During an experiment 1.5g of magnesium reacts with excess dilute hydrochloric acid to produce hydrogen gas at STP. Calculate the

To calculate the mass of hydrogen gas produced, we need to use stoichiometry. The balanced equation for the reaction between magnesium and hydrochloric acid is:

Mg + 2HCl → MgCl2 + H2

From the equation, we can see that 1 mole of magnesium reacts with 2 moles of hydrochloric acid to produce 1 mole of hydrogen gas. The molar mass of hydrogen is approximately 2 g/mol.

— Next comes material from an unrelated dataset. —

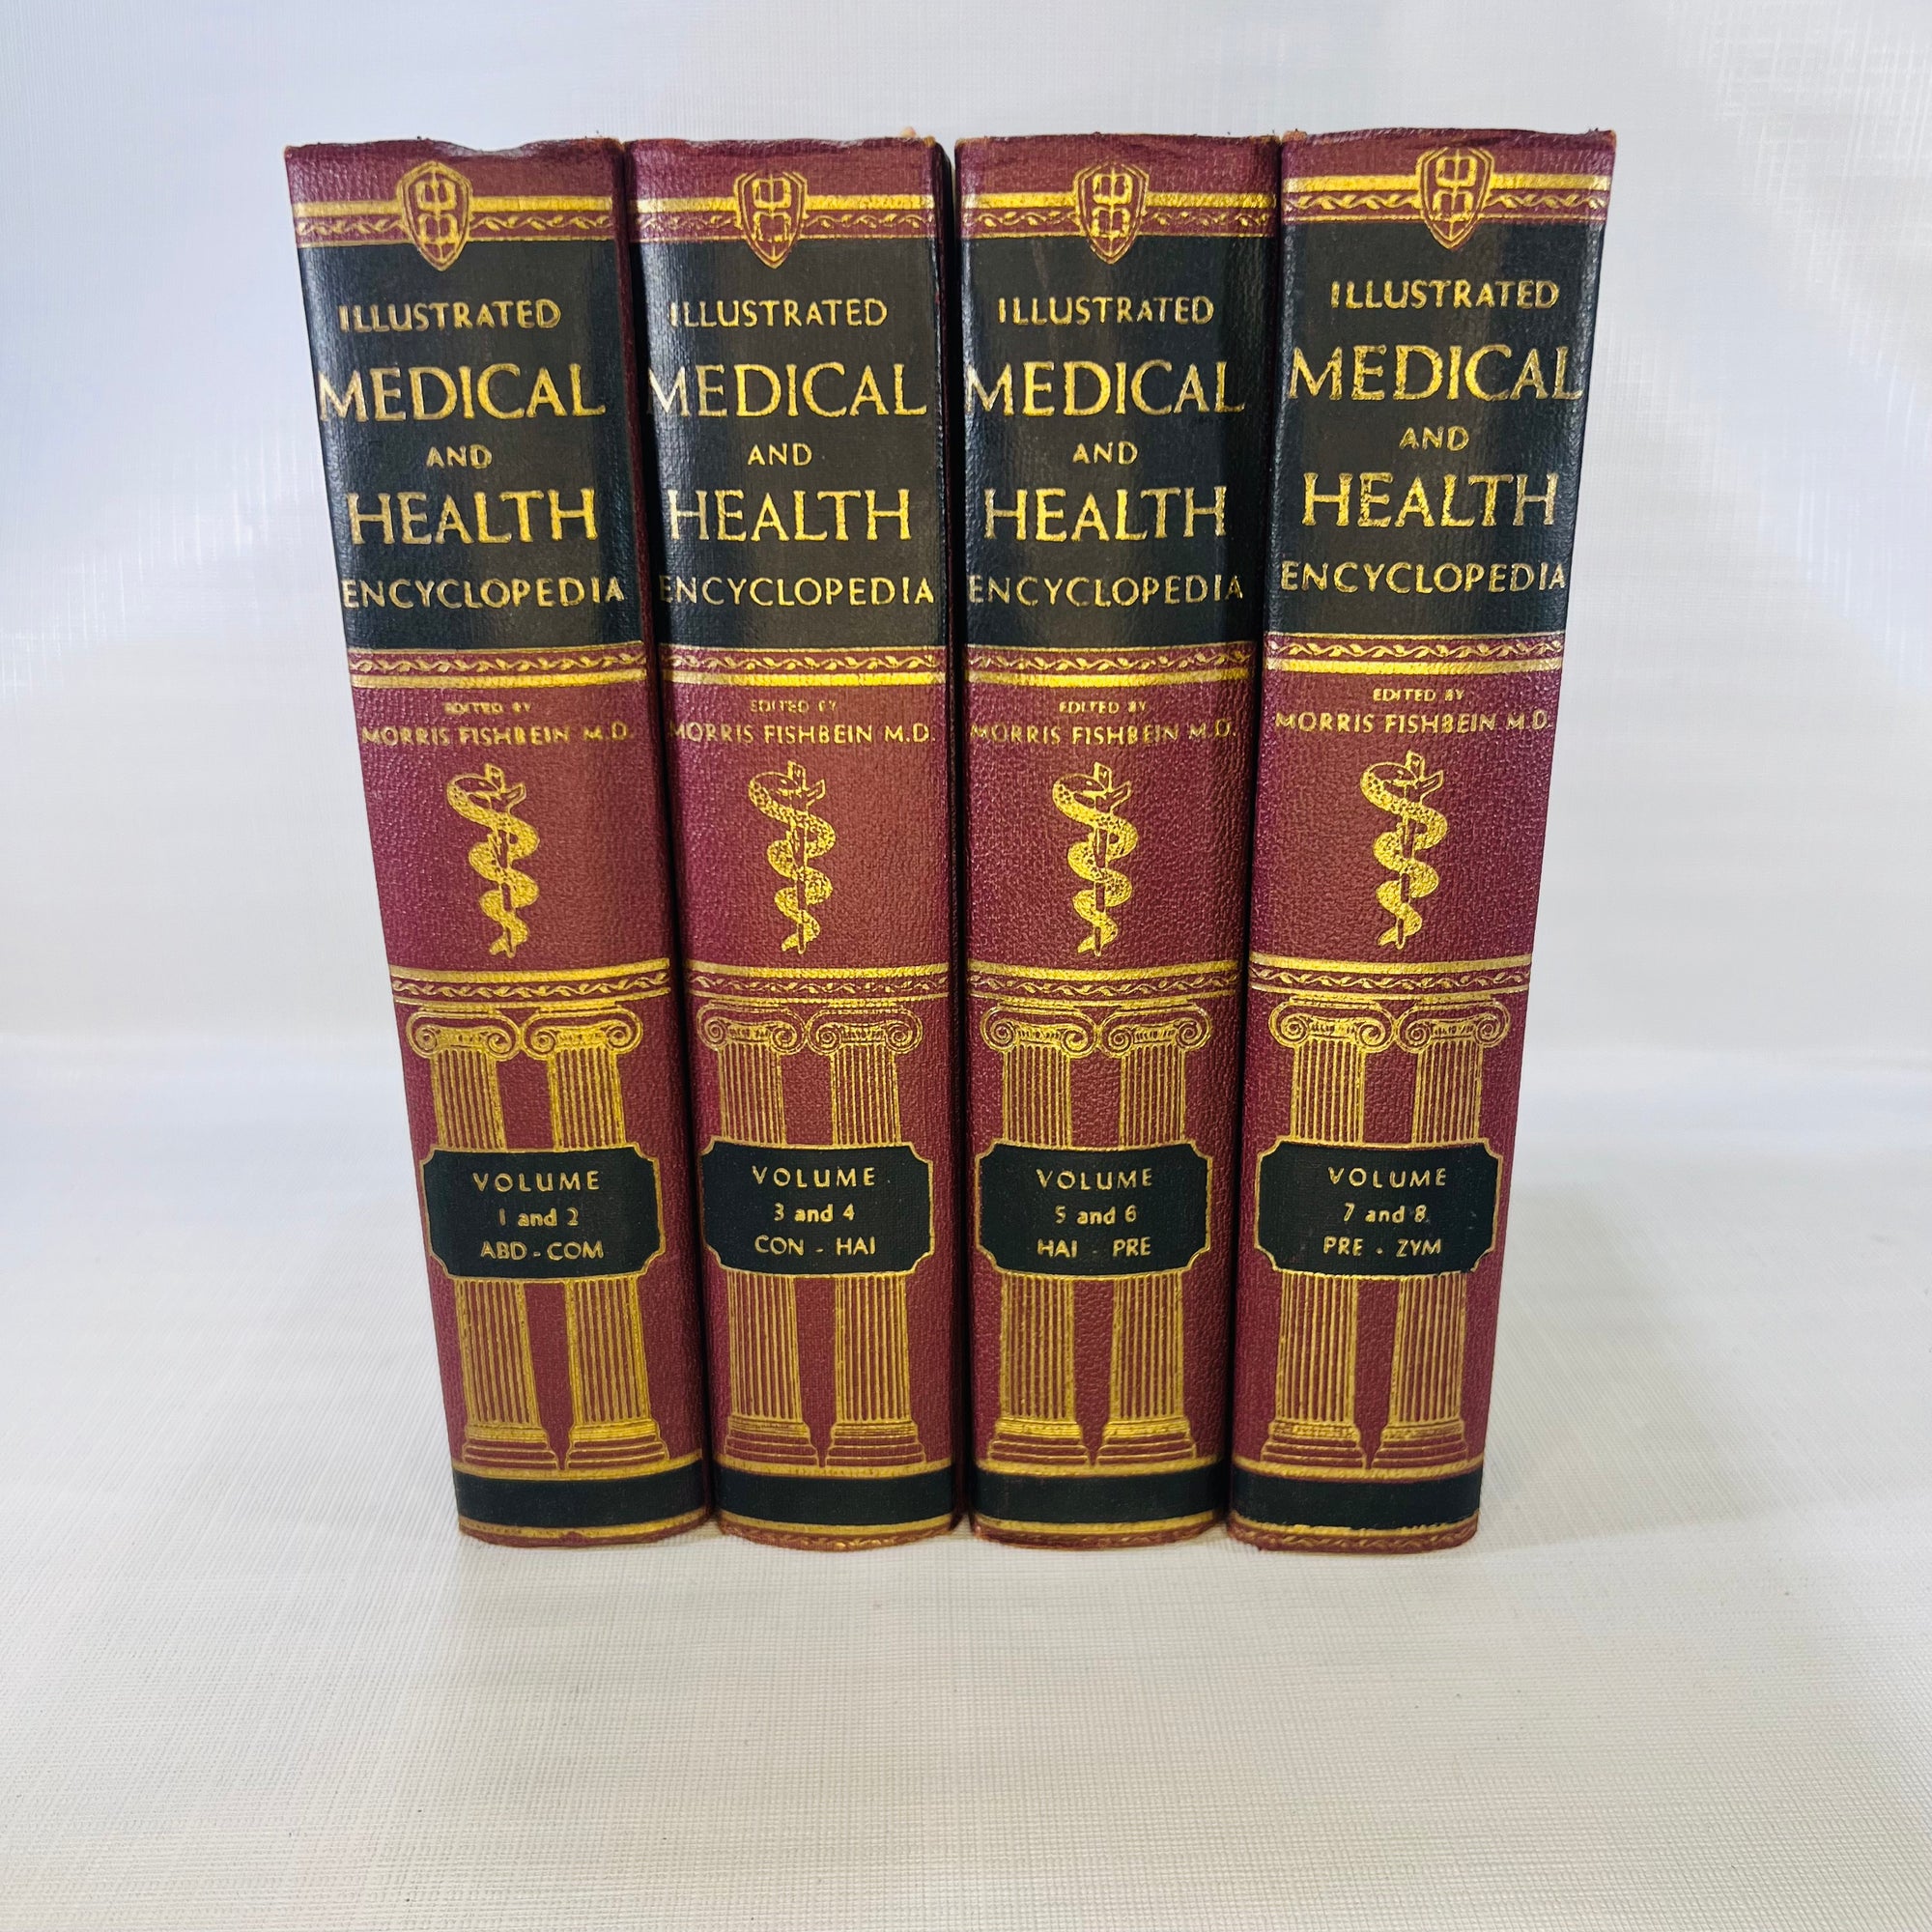 Illustrated Medical and Health Encyclopedia 4 Volume Set edited by Morris Fishbein M.D. 1959 Double Day & Co. Inc
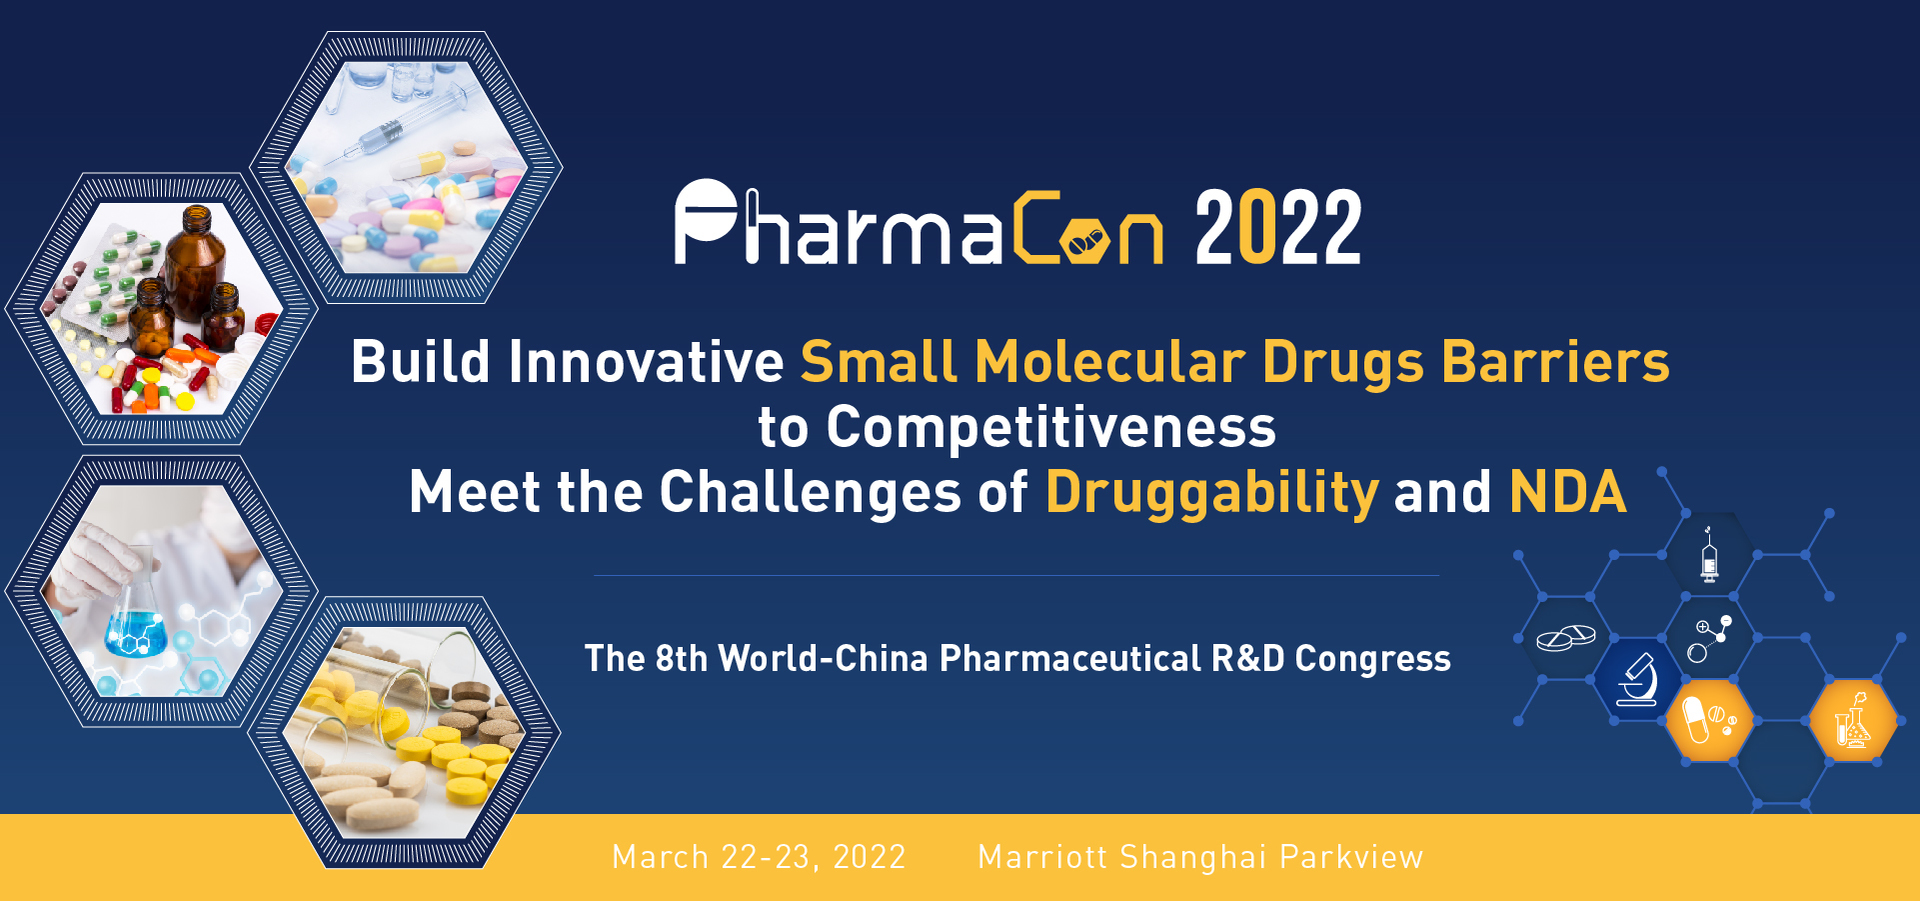 The 8th World-China  Pharmaceutical R&D Congress

1.5 g of magnesium is equivalent to 1.5/24.31 ≈ 0.062 mol of magnesium.

Since 1 mole of magnesium produces 1 mole of hydrogen gas, 0.062 mol of magnesium will produce 0.062 mol of hydrogen gas.

Therefore, the mass of hydrogen gas produced is 0.062 mol x 2 g/mol = 0.124 g.

To calculate the volume of hydrogen gas produced at STP, we can use the ideal gas law:

PV = nRT

Where:
P = pressure (STP = 1 atm)
V = volume
n = number of moles
R = ideal gas constant (0.0821 L•atm/mol•K)
T = temperature (STP = 273 K)

Rearranging the equation to solve for V:

V = (nRT) / P

Plugging in the values:

V = (0.062 mol)(0.0821 L•atm/mol•K)(273 K) / 1 atm = 1.211 L

Therefore, the volume of hydrogen gas produced at STP is 1.211 dm3.

To calculate the mass of MgCl2 produced, we can use the molar mass of MgCl2, which is 95.21 g/mol.

Since 1 mole of magnesium produces 1 mole of MgCl2, 0.062 mol of magnesium will produce 0.062 mol of MgCl2.

Therefore, the mass of MgCl2 produced is 0.062 mol x 95.21 g/mol = 5.89 g.

Bot, I believe there is a math error in the step below. I believe the correct ansewr is closer to 1.39 L
V = (0.062 mol)(0.0821 L•atm/mol•K)(273 K) / 1 atm = 1.211 L

You are correct, I apologize for the math error. Let's recalculate the volume of hydrogen gas produced at STP:

V = (0.062 mol)(0.0821 L•atm/mol•K)(273 K) / 1 atm = 1.39 L

Therefore, the volume of hydrogen gas produced at STP is approximately 1.39 dm3.